A South Hams councillor has been recommended to undergo “code of conduct” training after a council hearing into the way she had treated a member of the public in the wake of a dog festival.

Dartmouth town councillor Gina Coles had said that Heather Nesbit – the organiser of last year’s Woofstock dog show in the town – had lied, in an email to a third party, Helen Brown.

Following a meeting lasting more than 90 minutes, the panel agreed that Cllr Coles had breached the town council’s code of conduct in two ways – by failing to treat someone with respect and courtesy and by bringing her office into disrepute.

But panel chairman Cllr Mike Saltern said the panel accepted that Cllr Coles had been under stress at the time she sent the email, after being confronted with a wave of “negative” and “destructive” social media attacks following the publicity over her comments about the dog show and its organiser.

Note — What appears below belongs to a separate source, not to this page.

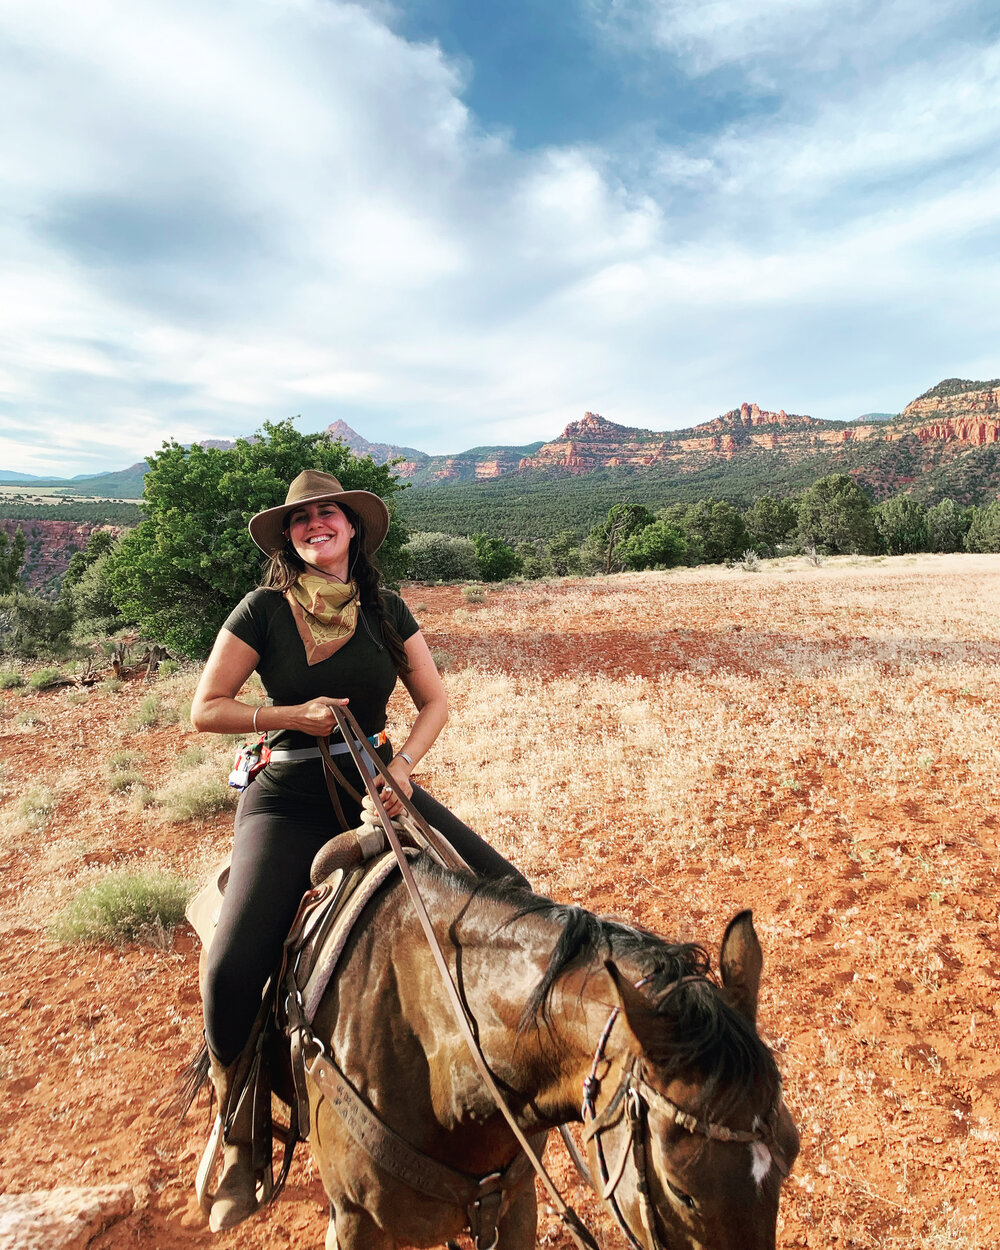  Me in my happy place at Zion Wright Family Ranch - Photo by Erin Shaw 
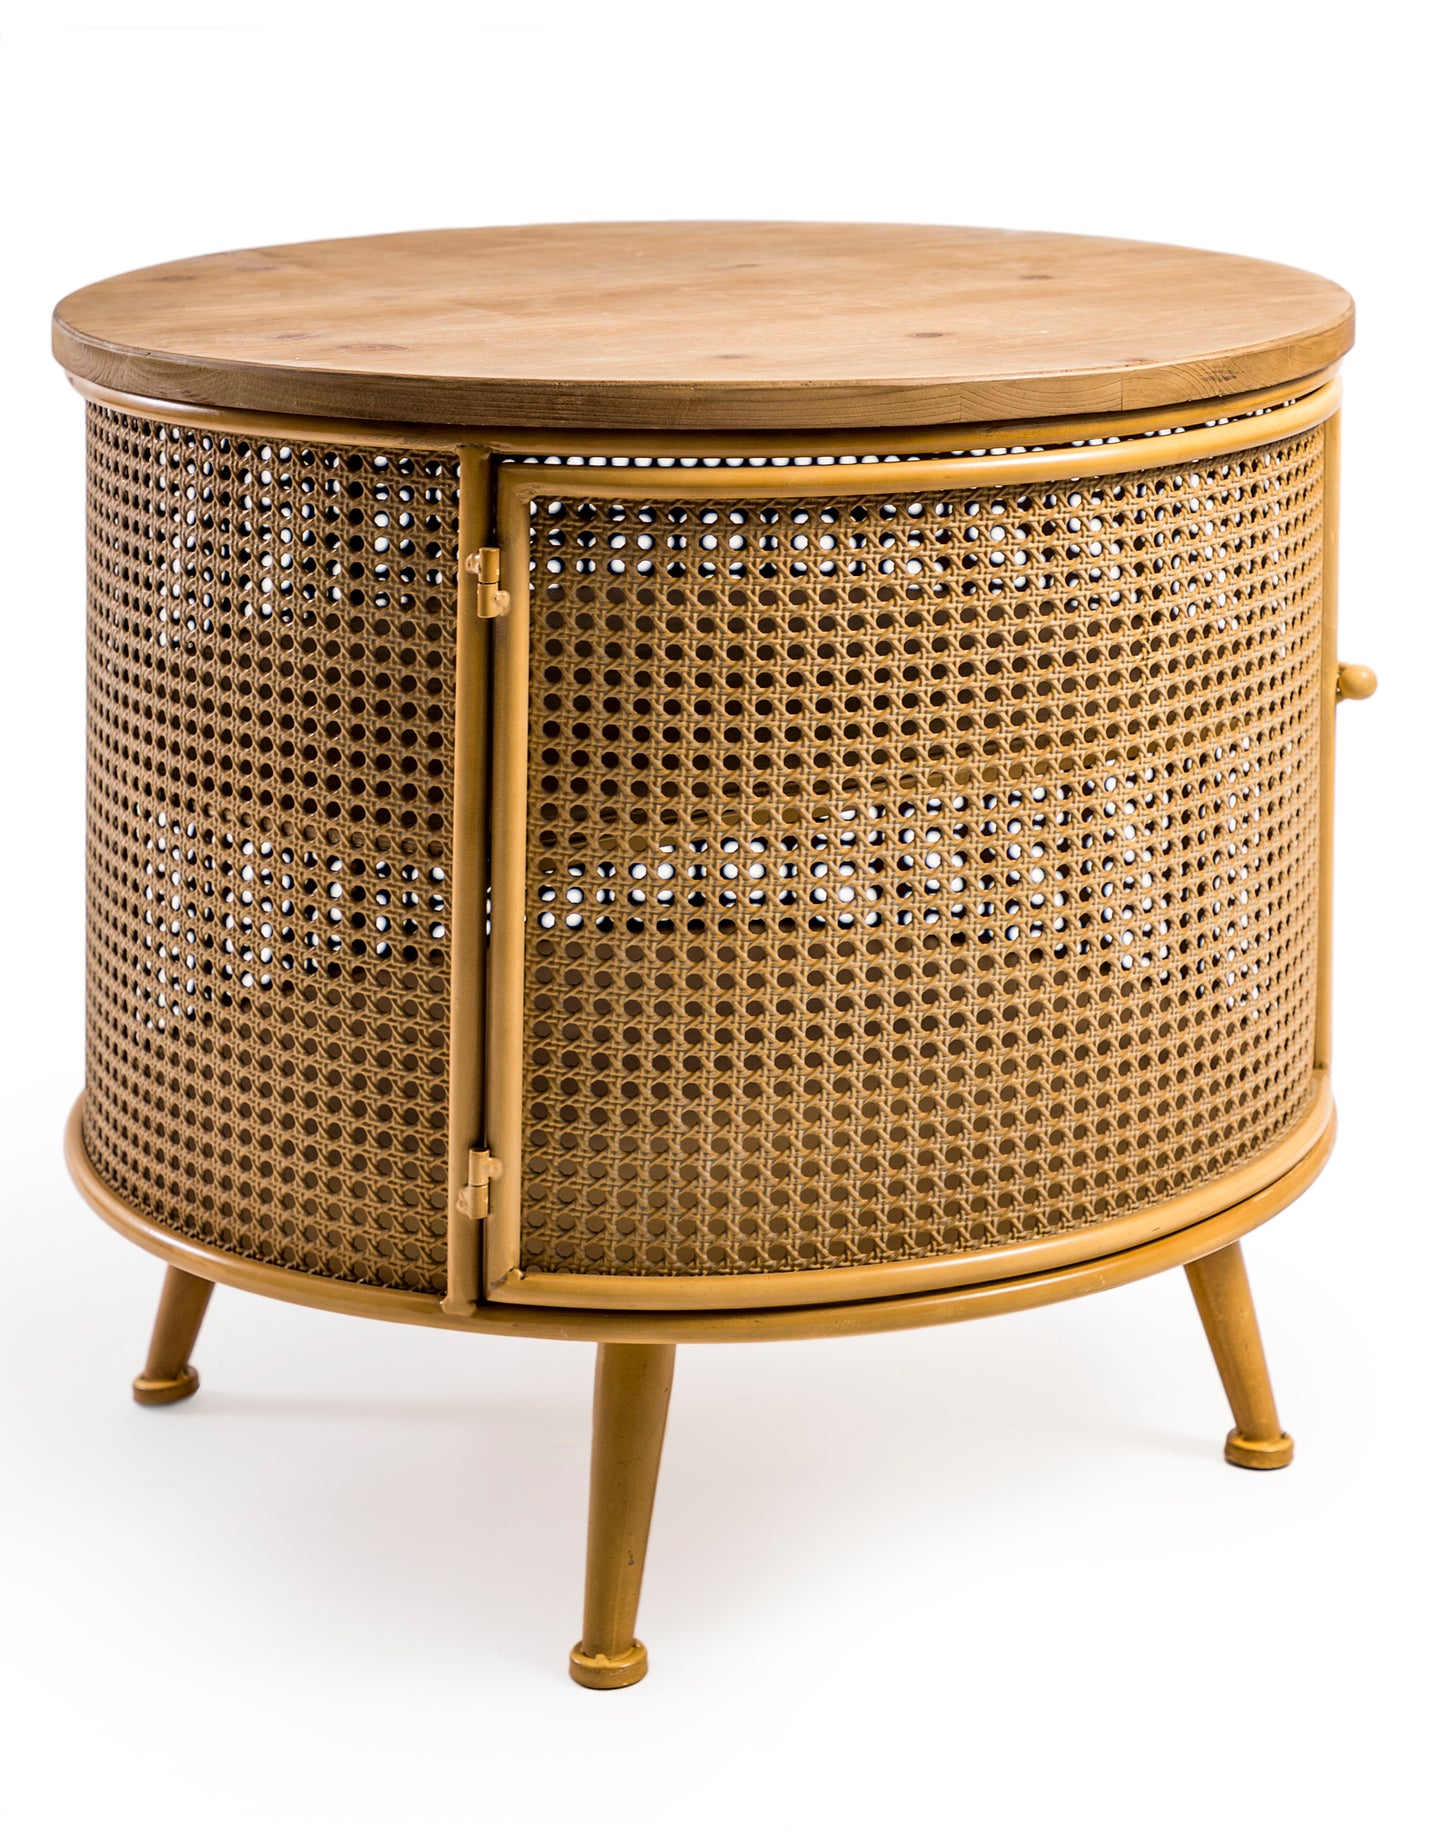 Rustic Metal Rattan and Wood Retro Round Side Cabinet

Cllr Coles had told the panel – made up of three district councillors alongside two independent members – that she was subjected to hundreds of Facebook posts accusing her of being “vile”, “horrible” and “homophobic” from both the USA and the UK, with one telling her they would “whip me and stone me if I didn’t leave town”.

The complaint which led to the hearing centred on an email that Cllr Coles sent to a Ms Brown, referring to Ms Nesbitt in which Cllr Coles said: “I didn’t trust her after she lied to the council.”

The email then found its way to Ms Nesbitt.

Cllr Coles told the tribunal the alleged lie involved a statement from Ms Nesbitt that the Mare and Foal Sanctuary would clear away hay bales and clear up Coronation Park in Dart­mouth after the dog show last summer. She claimed she had not called Ms Nesbitt a liar but had simply said she had told a lie.

“She did lie to me and I know that. I was just making a statement that was true,” she told the hearing, after opposing the findings of the council’s monitoring officer that she had breached her own council’s code of conduct.

After the panel upheld the complaint against her, Cllr Coles told them: “I didn’t know that I was doing it. All I was doing was stating a fact that I knew to be true. I am amazed that I can’t do that.”

The code of conduct complaint against Cllr Coles came after a series of stories in the Chronicle, reporting Cllr Coles’s comments surrounding a dog show which went ahead on Coronation Park last August.

Former Chronicle reporter Roger Williams, supporting Cllr Coles at the hearing, launched an attack on the way the newspaper had reported the issue generally and editor Stuart Nuttall in particular.

He claimed Cllr Coles had been “targeted” by Mr Nuttall and the newspaper.

He said he had eventually left the newspaper because of the behaviour of the editor and claimed Mr Nuttall had told him he would “get” Cllr Coles.

He said the newspaper’s reporting had “created a media storm” which led to the social media attacks on Cllr Coles.

Another former Chronicle reporter Karen Perrow, in a statement read out by Dartmouth district councillor Hilary Bastone, said she believed the original Woofstock stories had been run for “sensationalist purposes”. Mrs Perrow, manager of Dartmouth Visitor Centre, said Mr Nuttall had met Cllr Coles and herself at the visitor centre and used quotes from Cllr Coles obtained when she thought they were having a social conversation. “At no time did he say he was working or making notes for a news story,” she said.

Mr Bastone questioned whether the recipient of the offending email, Ms Brown, actually existed and said that Cllr Coles was a hardworking councillor and a hardworking director of the town’s visitor centre.

“It concerns me that an email could continue to ruin someone’s life and we don’t know that that person exists,” he told the panel.

He added: “What proof do you have that this Helen Brown even exists? Has it not been checked out that she actually exists and is not someone using an alias?”

He told the panel as they went out to deliberate: “You will have egg on your face if you find out this Helen Brown does not exist.”

The investigating officer, Simon Mansell, said whether the recipient of the email existed or not was not in question, as Cllr Coles believed they existed when she made the comment.

He said that the conduct onus was greater on a councillor than it would be on a member of the public and said that while Cllr Coles may have genuinely thought she was not calling Ms Nesbitt a liar as such, she had not included any “context” within the email to lead a reasonable person not to think that was what she meant.

Following the finding, Cllr Coles said she did not wish to comment.

Cllr Gina Coles made a series of complaints against the Chronicle and its editor Mr Nuttall to the press regulator IPSO regarding the newspaper’s coverage of Cllr Coles’s comments on Woofstock and Heather Nesbitt. Her complaints were not upheld.